Half-day Tutorial at

20th International Conference on on Parallel Architectures and Compilation Techniques (PACT)
October 14, 2011
Galveston Island, TX, USA

J. (Ram) Ramanujam
Department of Electrical and Computer Engineering
and Center for Computation and Technology
Louisiana State University
Baton Rouge, LA 70803, USA


P. (Saday) Sadayappan
Department of Computer Science and Engineering
The Ohio State University
Columbus, OH 43210, USA



 
Audience

This tutorial is targeted primarily at application developers, computer/computational scientists, and graduate students interested in performance optimization issues and/or compilers for high-performance computing on general-purpose multicores and GPUs. Knowledge of C programming will be assumed; basic knowledge of processor architectures will be assumed; no prior parallel programming experience or familiarity with source-to-source transformations will be assumed.

 
Brief Description

On-chip parallelism with multiple cores is now ubiquitous. Because of power and cooling constraints, recent performance improvements in both general-purpose and special-purpose processors have come primarily from increased on-chip parallelism rather than increased clock rates. Parallelism is therefore of considerable interest to a much broader group than developers of parallel applications for high-end supercomputers.

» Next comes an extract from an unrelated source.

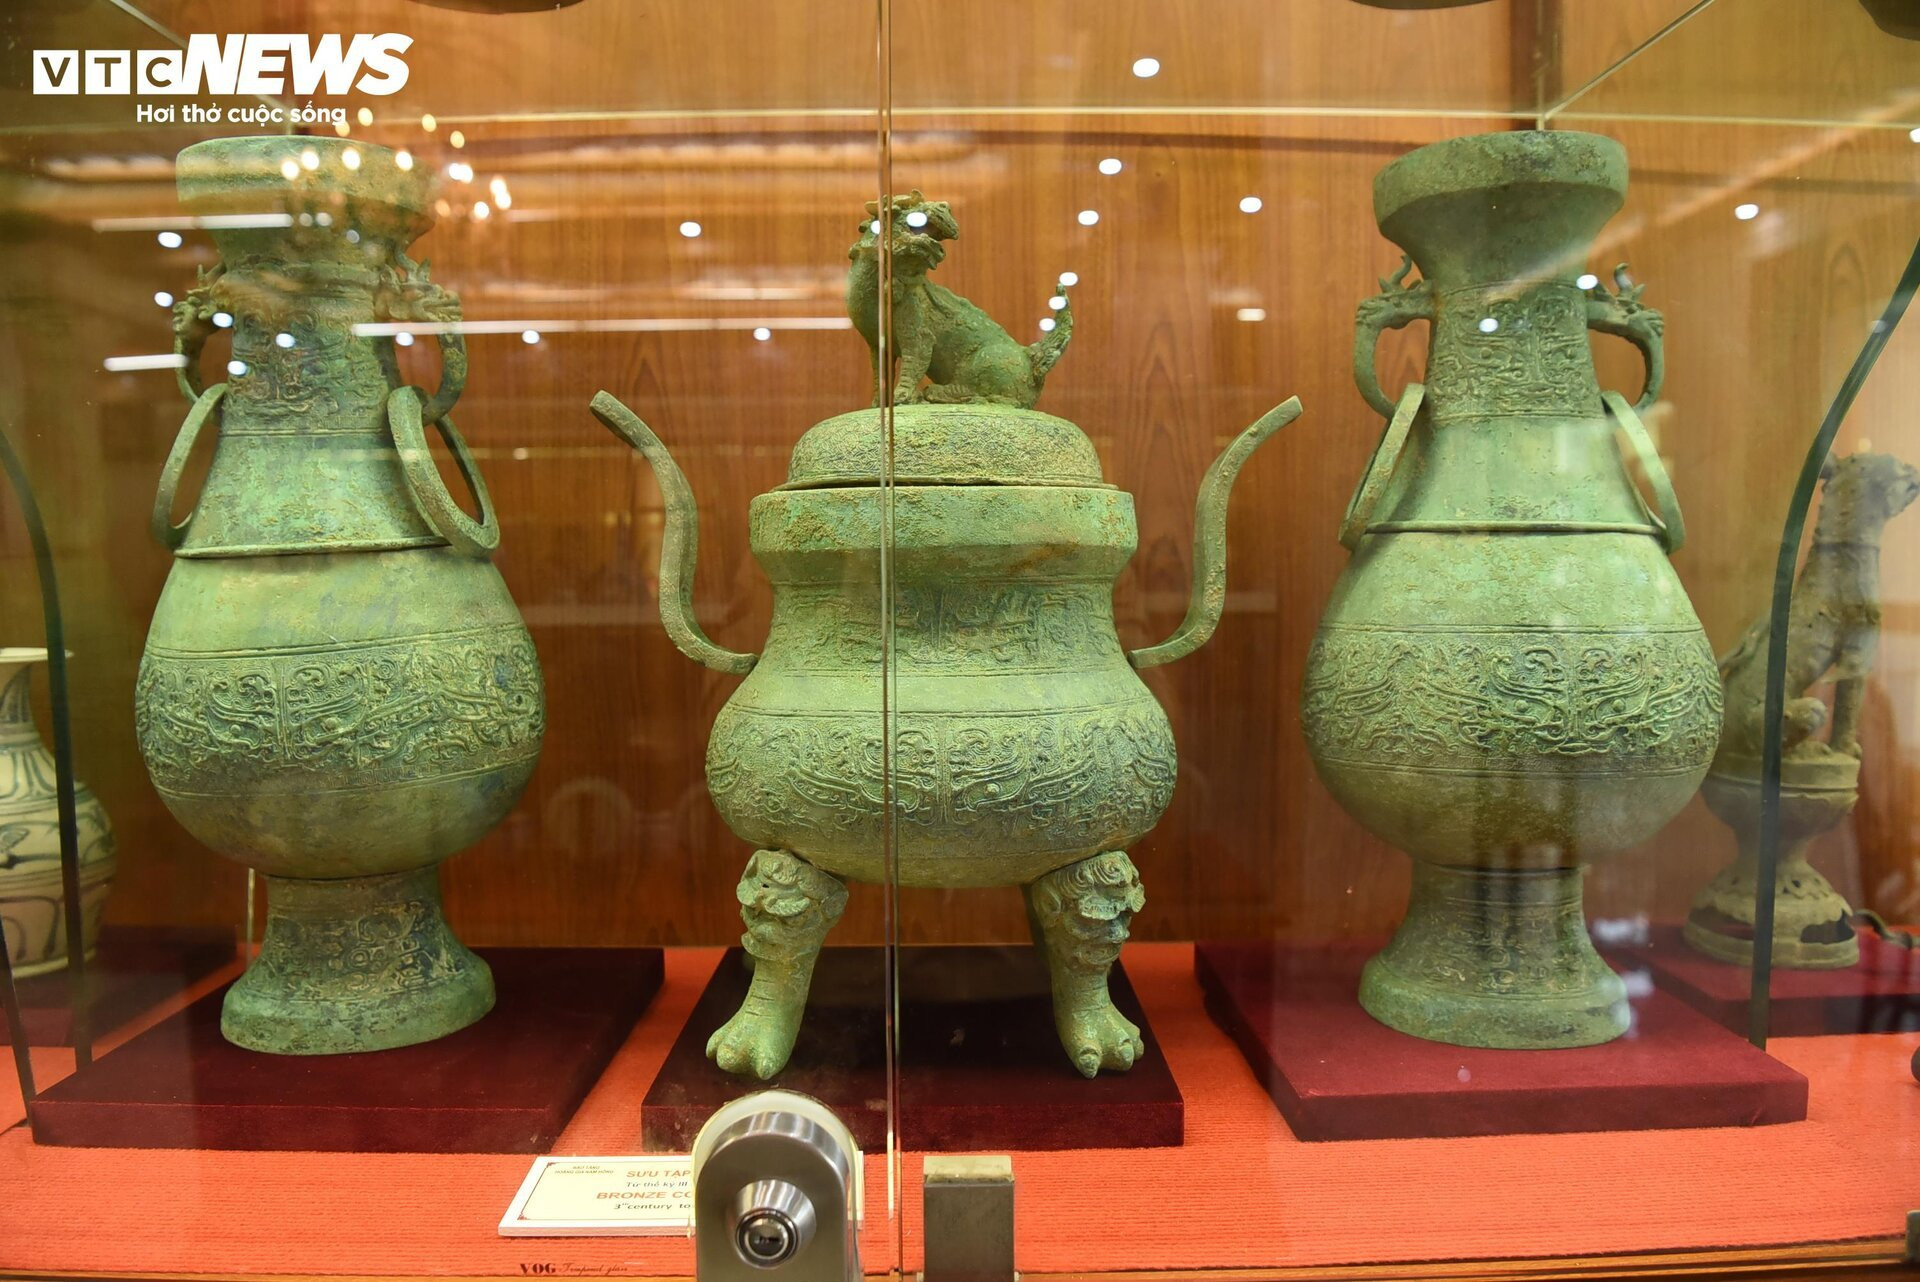 Cận cảnh ấn vàng 'Hoàng đế chi bảo' trưng bày tại bảo tàng tư nhân ở Bắc Ninh - 16

Several programming environments have recently emerged in response to the need to develop applications for GPUs, and multi-core processors. There has been recent interest in two complementary approaches:

This tutorial will provide an introductory survey covering both these aspects.

 
Lecture Outline


  1. Introduction
    • Multicore architectures and accelerators
    • Issues in performance and energy
    • GPUs
    • Explicitly managed memories
    • Programming Models:
      • Thread based models
      • Data parallel models
      • Stream programming

  2. Compiler optimizations and tuning for multicore
    • Brief review of data dependences, transformations
    • Polyhedral models, tiling, parametric tiling
    • Locality and parallelism optimizations
    • Reducing synchronization overheads, scheduling
    • SIMDization
    • Compiler-driven tuning

  3. GPU architectures and programming
    • GPU architectures
    • General-purpose computation on GPUs
    • Programming models and idioms
    • GPU programming models/environments:
      • OpenCL
      • CUDA
      • CAL
      • PGI Accelerator
      • CAPS/HMPP
    • Code examples on GPUs
    • Examples of CPU vs. GPU performance

  4. Compiler optimizations and tuning for GPUs
    • Performance characterization
    • Optimizing memory accesses
    • Multi-level parallelism exploitation
    • Performance models and emipirical search
    • Compiler-driven tuning
    • Examples of application optimization
    • Software managed memory hierarchies

 
Tutorial Speakers

J. (Ram) Ramanujam received the B. Tech. degree in Electrical Engineering from the Indian Institute of Technology, Madras, India in 1983, and his M.S. and Ph. D. degrees in Computer Science from The Ohio State University in 1987 and 1990 respectively. He is currently the John E. and Beatrice L. Ritter Distinguished Professor in the Department of Electrical and Computer Engineering at Louisiana State University (LSU). In addition, he holds a joint faculty appointment with the LSU Center for Computation and Technology. His research interests are in compilers and runtime systems for high-performance computing, domain-specific languages and compilers for parallel computing, embedded systems, and high-level hardware synthesis. He has participated in several NSF-funded projects including the Tensor Contraction Engine and the Pluto project for automatic parallelization. Additional details can be found at http://www.ece.lsu.edu/jxr/.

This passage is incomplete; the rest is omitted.